I love it as it is too.


----------



## Copchick (Apr 10, 2012)

I really like all the webbing surrounding the sac! I've made my sacs by using a styrofoam ball, covering it with batting (or use webbing), and putting it inside a white or off white knee high or pantyhose leg all the way to the toe.. Elongate the knee high or cut to show the different lengths the sacs will hang. With the ball inside the knee high, it shows the tear drop effect too. With my sacs I've put the plastic spiders on the inside and the outside too. I'll edit with a pic after I get the sacs up. I like your total look!


----------



## Wispurs (Oct 9, 2012)

Thanks everyone for the input. The spider is finally all clayed. drying today, paint tomorrow is the plan. Its going to be a black spider. I am not sure I want to dry brush it with a white or gray. I would still like it to have some detail... off to search the forums for ideas


----------



## debbie5 (Mar 2, 2007)

you need some more webbing at the top to give it a pointy, tear drop effect so it looks like its hanging & stretching....like it has some weight to it. 
I think it looks great!


----------



## scareme (Aug 29, 2006)

Was it hollow? When I did mine, I paper mached them with white tissue paper, hung the webbing and spiders on them, and droped a led light in them that night. That really made them stand out in the trees I hung them in. Of course I forgot to take a picture, but they looked really erie.


----------



## Wispurs (Oct 9, 2012)

scareme said:


> Was it hollow? When I did mine, I paper mached them with white tissue paper, hung the webbing and spiders on them, and droped a led light in them that night. That really made them stand out in the trees I hung them in. Of course I forgot to take a picture, but they looked really erie.

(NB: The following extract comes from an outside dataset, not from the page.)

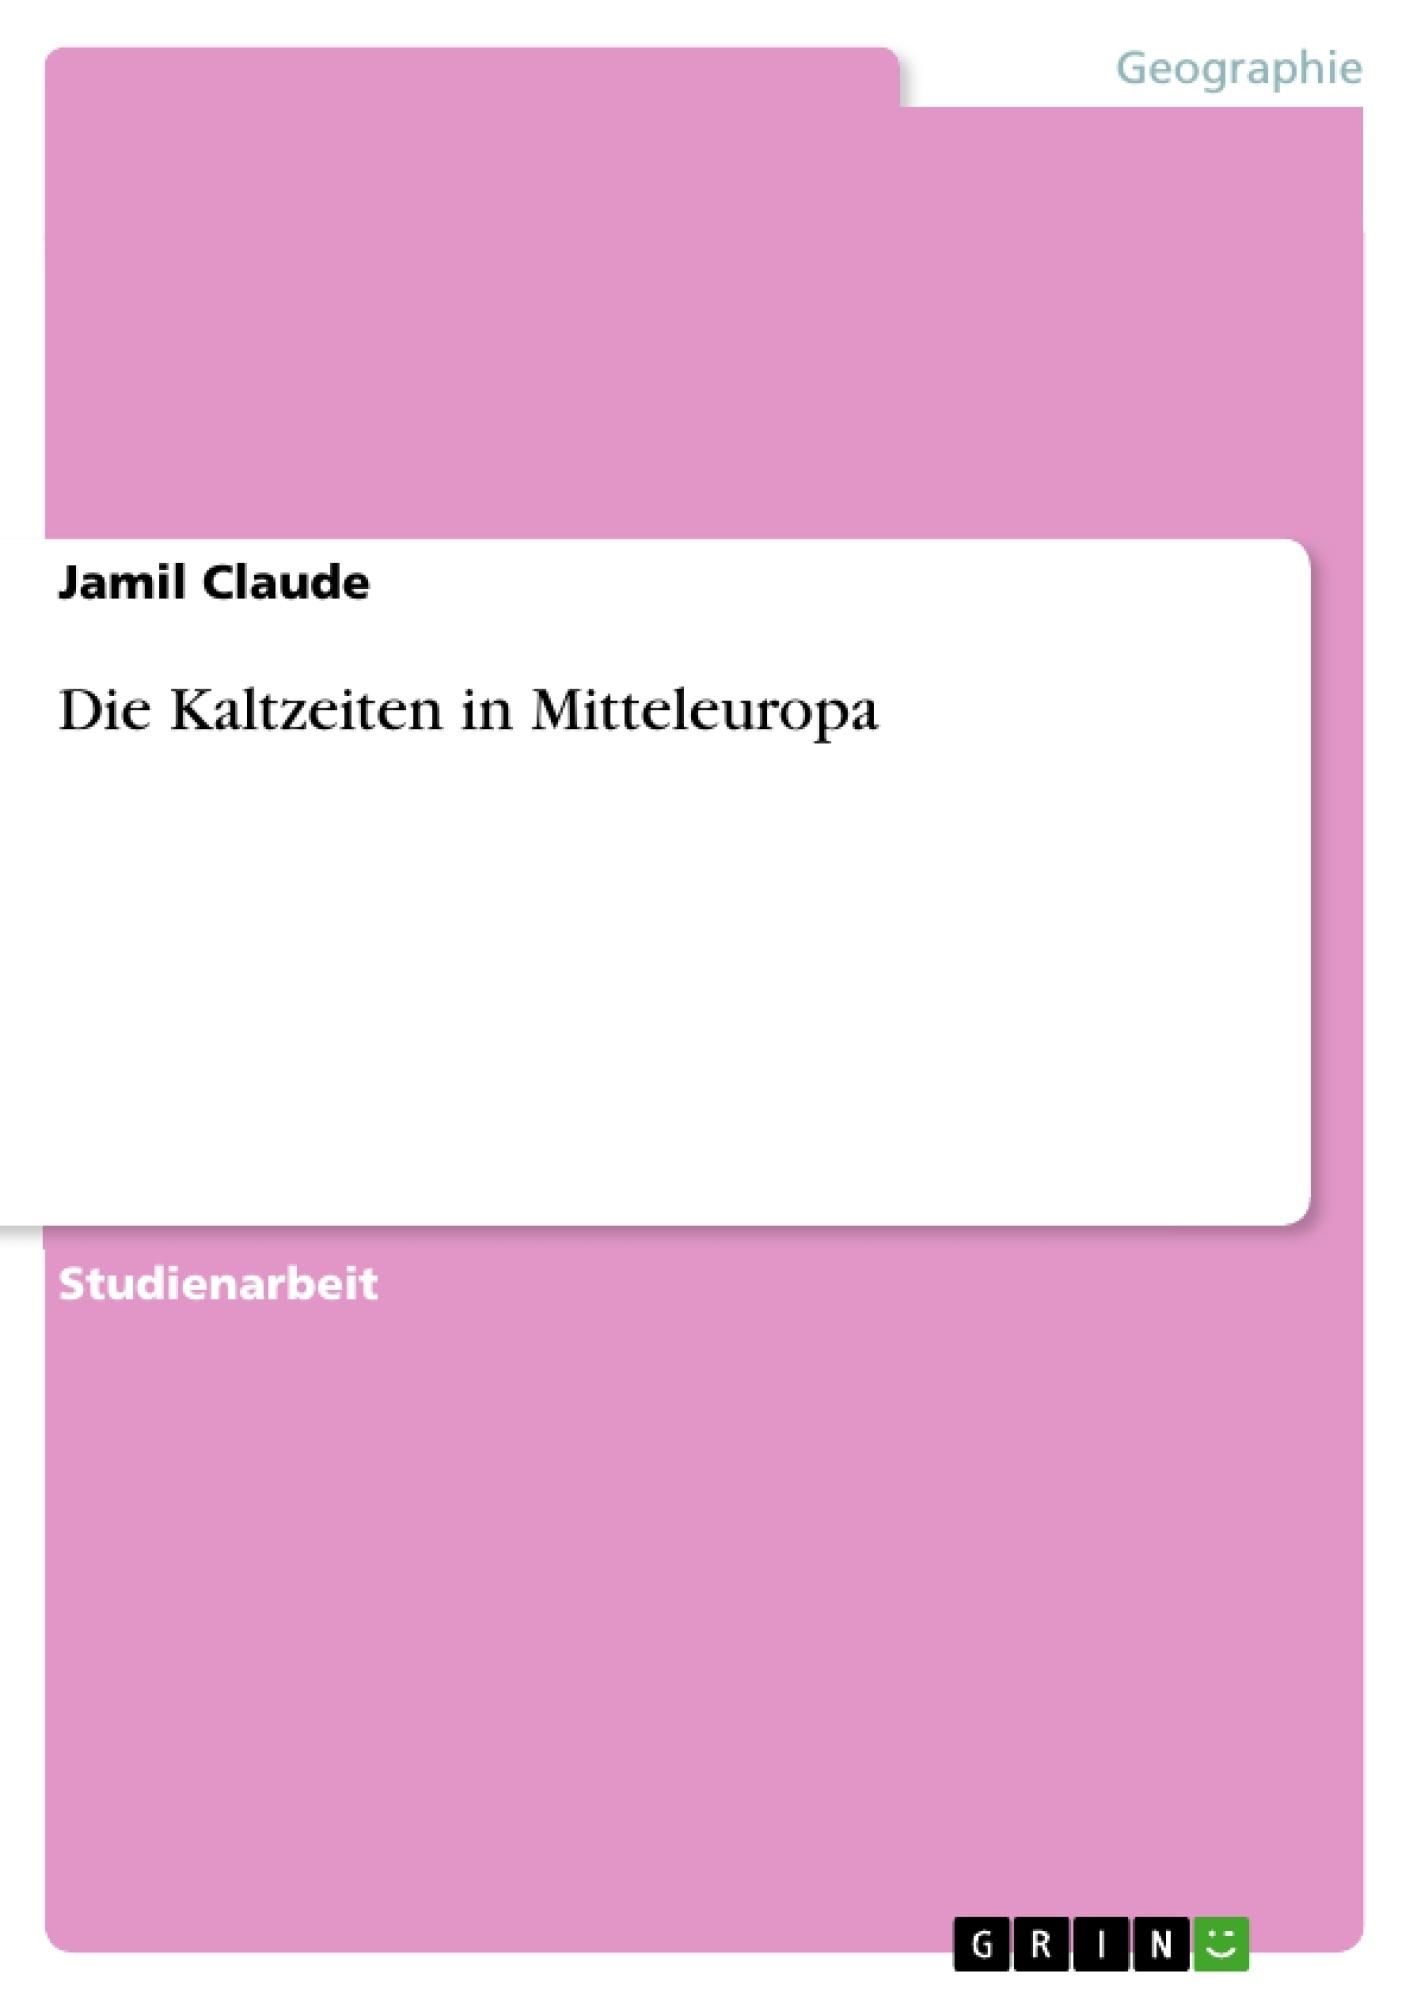 Titel: Die Kaltzeiten in Mitteleuropa

Yep its hallow. I painted it grey & sealed it. I didn't do much to it since I was running out of time this year. I like your use of lights in the one you made. great idea. was the tissue hard to work with?


----------



## scareme (Aug 29, 2006)

Wispurs said:


> Yep its hallow. I painted it grey & sealed it. I didn't do much to it since I was running out of time this year. I like your use of lights in the one you made. great idea. was the tissue hard to work with?

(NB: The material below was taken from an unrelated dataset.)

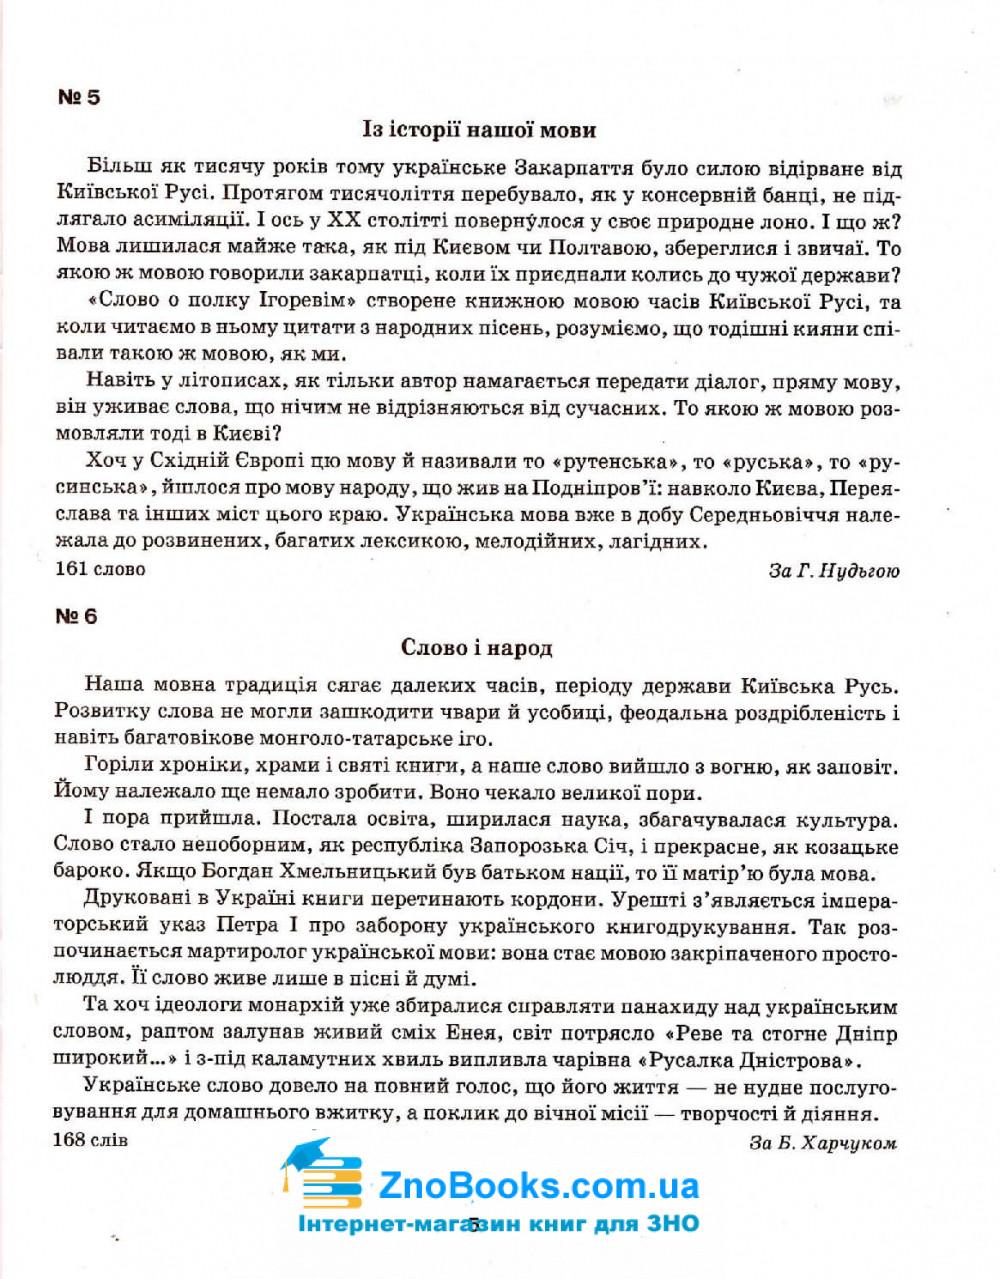 ДПА 2020 Українська мова (Єременко) 9 клас. Збірник диктантів для ДПА. Освіта купити 6

I used balloons for the base, is that what you are using? I painted the area of the balloon I was working with the paste. Then I would put a couple of the layers of the tissue, then spread the paste over that. Let dry and then give it another layer. When dry I used the spider webbing and spiders, probably like you did. I tried it with different colors of LED lights, (red was pretty cool), but ended going with the flickering tea lights. I like the flickering effect at night. If I can find a picture I'll send it to you. How many are you making? I made about 20.


----------



## Wispurs (Oct 9, 2012)

scareme said:


> I used balloons for the base, is that what you are using? I painted the area of the balloon I was working with the paste. Then I would put a couple of the layers of the tissue, then spread the paste over that. Let dry and then give it another layer. When dry I used the spider webbing and spiders, probably like you did. I tried it with different colors of LED lights, (red was pretty cool), but ended going with the flickering tea lights. I like the flickering effect at night. If I can find a picture I'll send it to you. How many are you making? I made about 20.

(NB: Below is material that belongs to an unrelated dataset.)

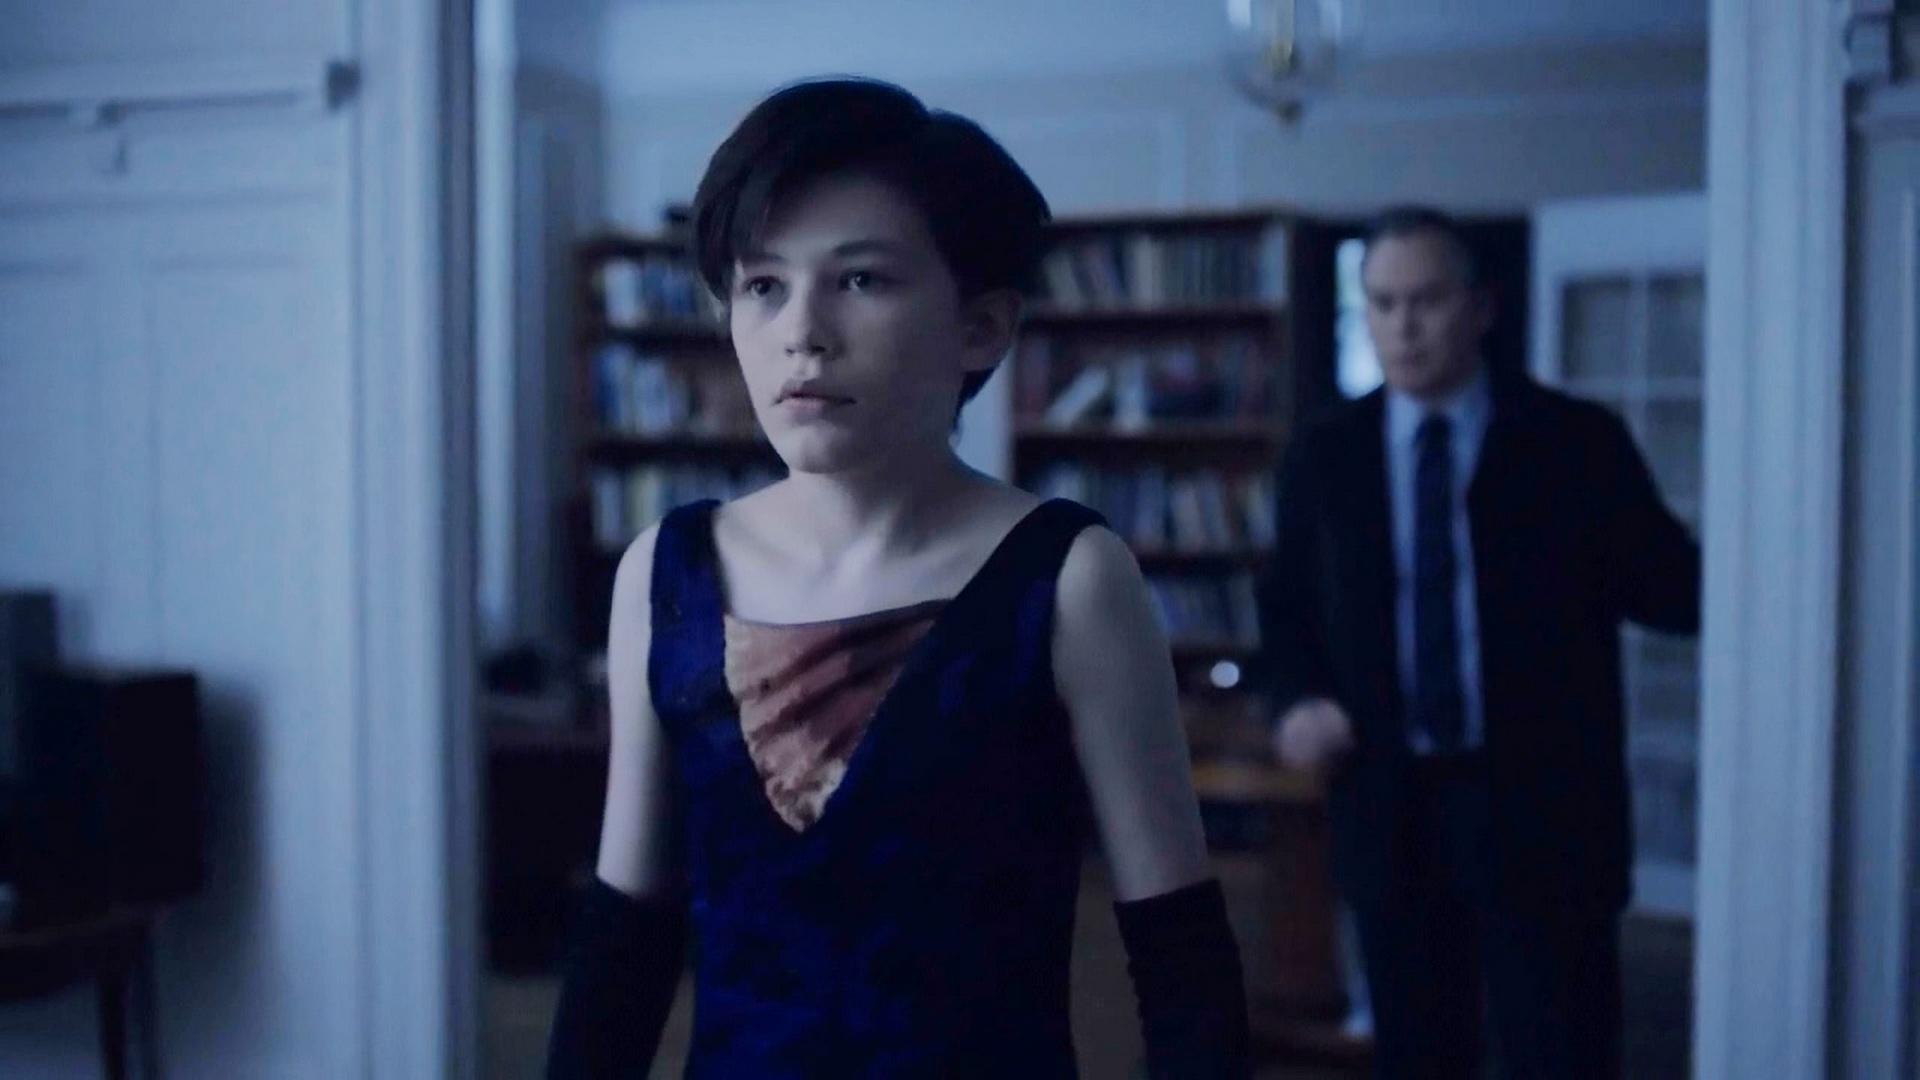 【阿斗】小男孩偷穿女装被家长发现,没想到在寄宿学校遇到更可怕的秘密!《寄宿学校》

This is my first year making my own props, Just one. I have hopes of expanding with various sizes. I would enjoy seeing pictures if you find one. thank you


----------



## niblique71 (Dec 2, 2009)

Wolf Spider egg-sacs are almost perfectly round. The part I love about halloween is you can suspend reality anyway. I think it looks Great as Is...


----------



## Spooky1 (Aug 25, 2008)

I think it looks good. I like the freshly hatched spiders on it.


----------



## TNathe (Sep 28, 2006)

def looks good! If anything id take the time you were gonna spend next. Year or whenever fixing it and make another instead! . I like the whole room. I was just thinking, you know what i hate the most? Walking into a spider web at night (we have spiders that literally come out of the trees at night and hang in the middle of nothing), its freaky, perhaps you suspend or stretch thin strands of the web where someone would walk into it? Just enough to give them that feeling that they may have just walked into web. maybe even a fishing line hanging from the rafters would work.


----------



## Wispurs (Oct 9, 2012)

TNathe said:


> def looks good! If anything id take the time you were gonna spend next. Year or whenever fixing it and make another instead! . I like the whole room. I was just thinking, you know what i hate the most? Walking into a spider web at night (we have spiders that literally come out of the trees at night and hang in the middle of nothing), its freaky, perhaps you suspend or stretch thin strands of the web where someone would walk into it? Just enough to give them that feeling that they may have just walked into web. maybe even a fishing line hanging from the rafters would work.


That would certainly freak me out. I got a spider phobia anyways ( believe it or not). I will add that idea to my list for next year. Thanks!!


----------